The theory of proportions was not very efficient at a linguistic level. A language that proved more manageable grew out of the development of an efficient algebraic formalism, which ultimately made possible the arithmetization of analysis.

The proposed classification appears to reflect the opposition discrete/continuous, where in the first pole are located logic and language (logos), and in the second one our faculty for geometric, spatial representation (epos). The following excerpt shows that this opposition (together with various attempts to strike a balance, reach a synthesis, or formulate a unification) can be felt in the realm of literary creation as well.⁵⁴

Mi suerte es lo que suele denominarse poesía intelectual.
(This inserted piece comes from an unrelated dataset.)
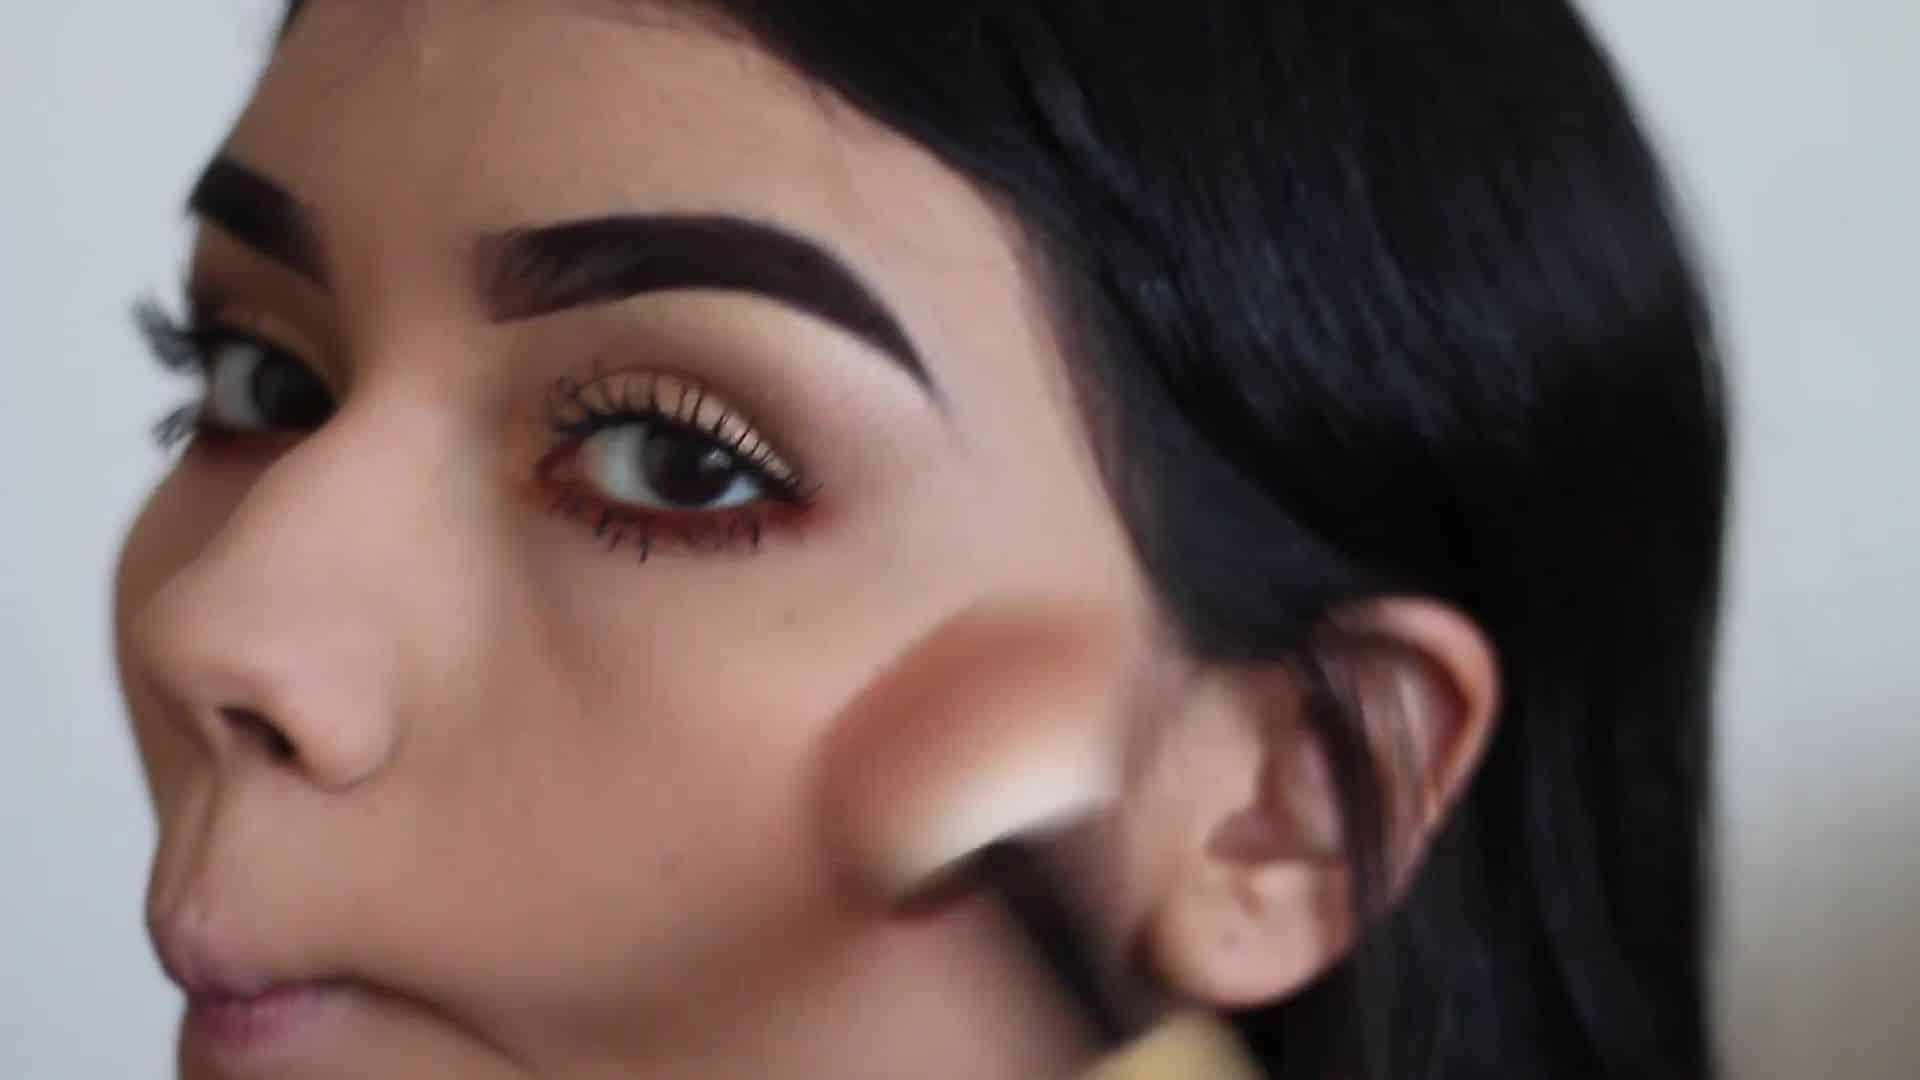 Paulina del Campo Maquillaje para cuando tienes pereza 2020,bronceador, mejillas bronceadas.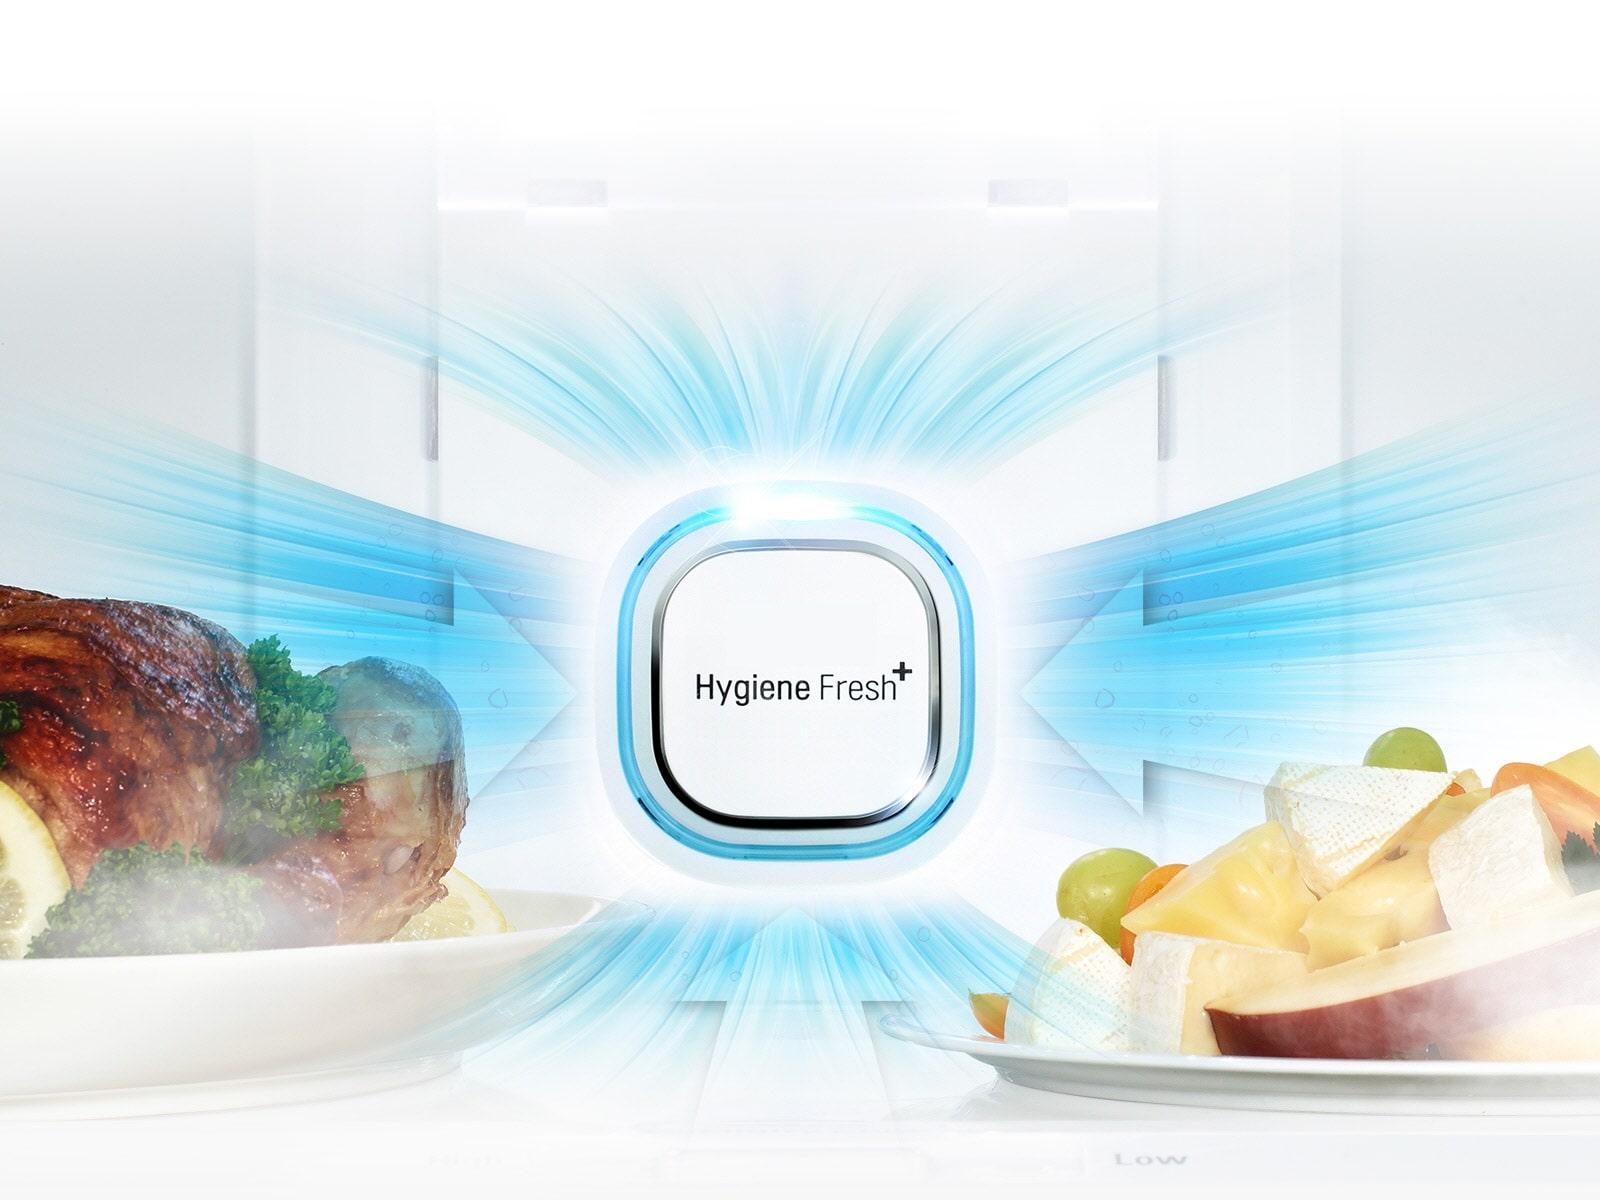 REF-Alpha7-Disp-PlatinumSilver3-04-HygieneFresh-Desktop

La palabra es casi un oximoron; el intelecto (la vigilia) piensa por medio de abstracciones, la poesía (el sueño), por medio de imágenes, de mitos o de fábulas. La poesía intelectual debe entretejer gratamente esos dos procesos. Así lo hace Platón en sus diálogos; así lo hace también Francis Bacon, en su enumeración de los ídolos de la tribu, del mercado, de la caverna y del teatro. […] Admirable ejemplo de una poesía puramente verbal es la siguiente strofa de Jaime Freyre:

• Peregrina paloma imaginaria

• Que enardeces los últimos amores;

• alma de luz, de música y de flores,

• peregrina paloma imaginaria.

No quiere decir nada y a la manera de la música dice todo. Ejemplo de poesía intelectual es aquella silva de Luis de León, que Poe sabía de memoria:

• Vivir quiero conmigo,

• gozar quiero del bien que debo al Cielo,

• a solas, sin testigo,

• libre de amor, de celo,

• de odio, de esperanza, de recelo.

No hay una sola imagen. No hay una sola hermosa palabra, con la excepción dudosa de testigo, que no sea una abstracción. Estas páginas buscan, no sin incertidumbre, una vía media.